> TASK DIRECTIONS: Every line of the material below in which "boule" shows up is to be located and copied.

> RECORDS FOR PROCESSING:
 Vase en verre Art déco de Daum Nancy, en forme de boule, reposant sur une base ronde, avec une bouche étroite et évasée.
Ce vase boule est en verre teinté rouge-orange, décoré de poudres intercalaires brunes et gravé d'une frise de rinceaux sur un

* * *

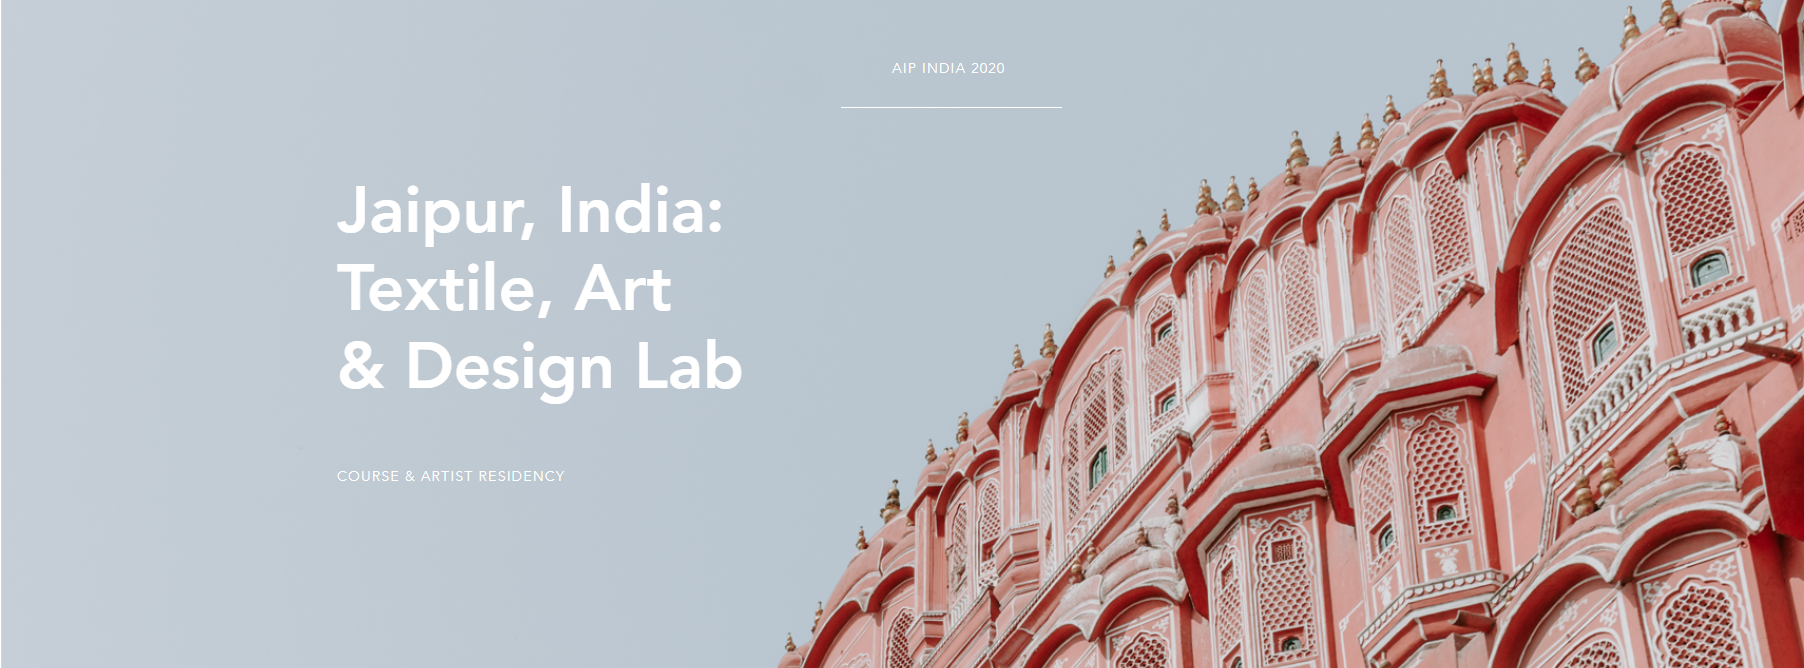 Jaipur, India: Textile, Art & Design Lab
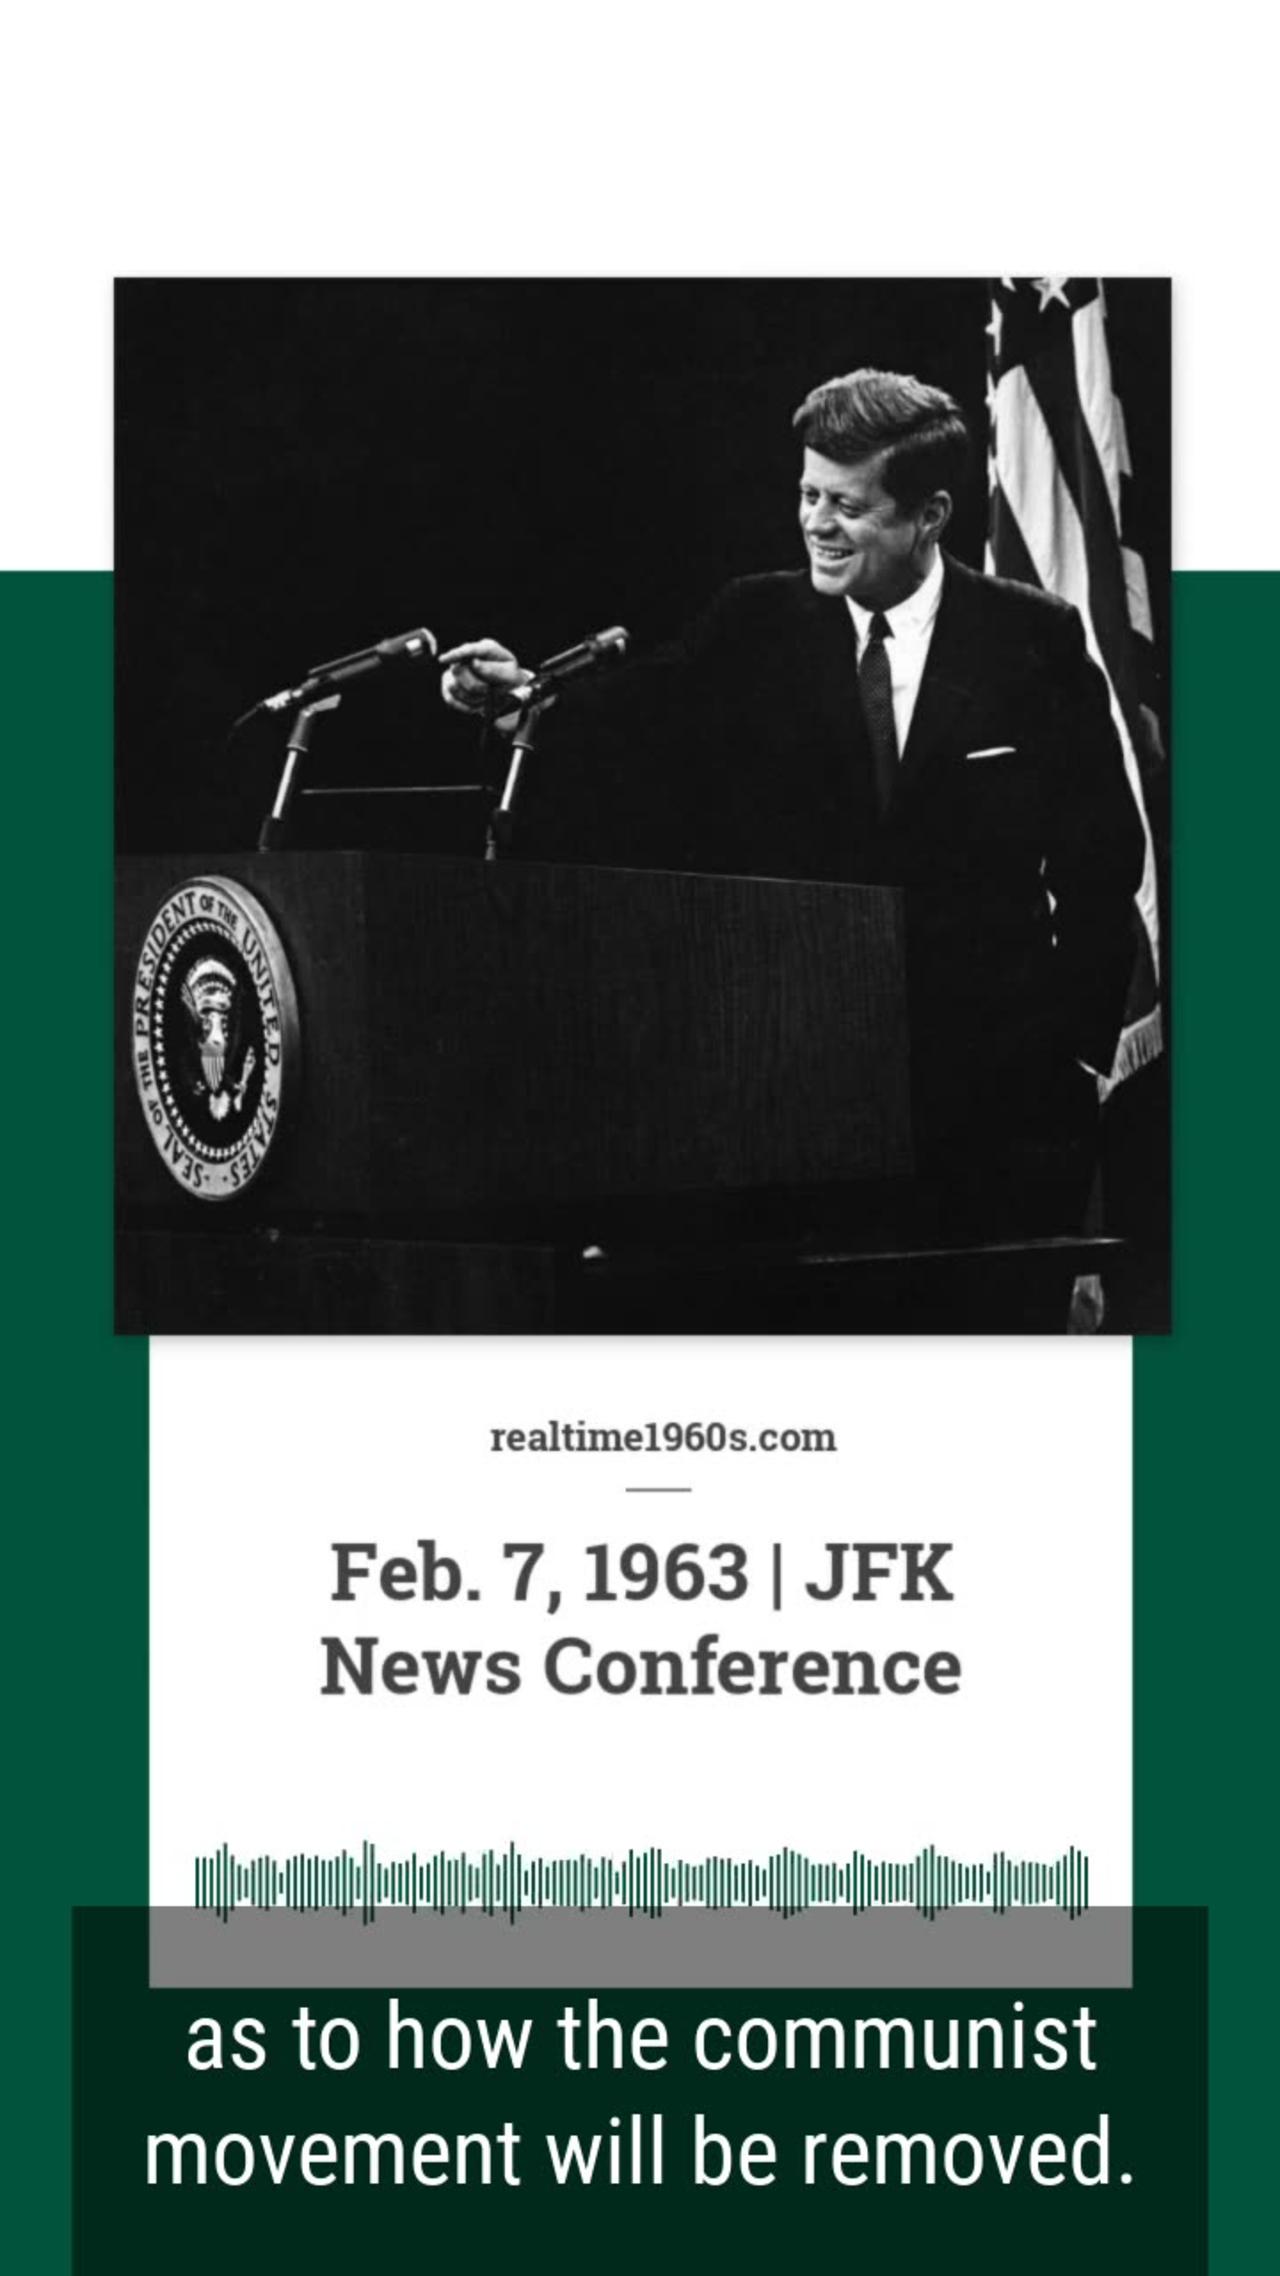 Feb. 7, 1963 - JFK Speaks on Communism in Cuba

> YOUR RESPONSE:
 Vase en verre Art déco de Daum Nancy, en forme de boule, reposant sur une base ronde, avec une bouche étroite et évasée.
Ce vase boule est en verre teinté rouge-orange, décoré de poudres intercalaires brunes et gravé d'une frise de rinceaux sur un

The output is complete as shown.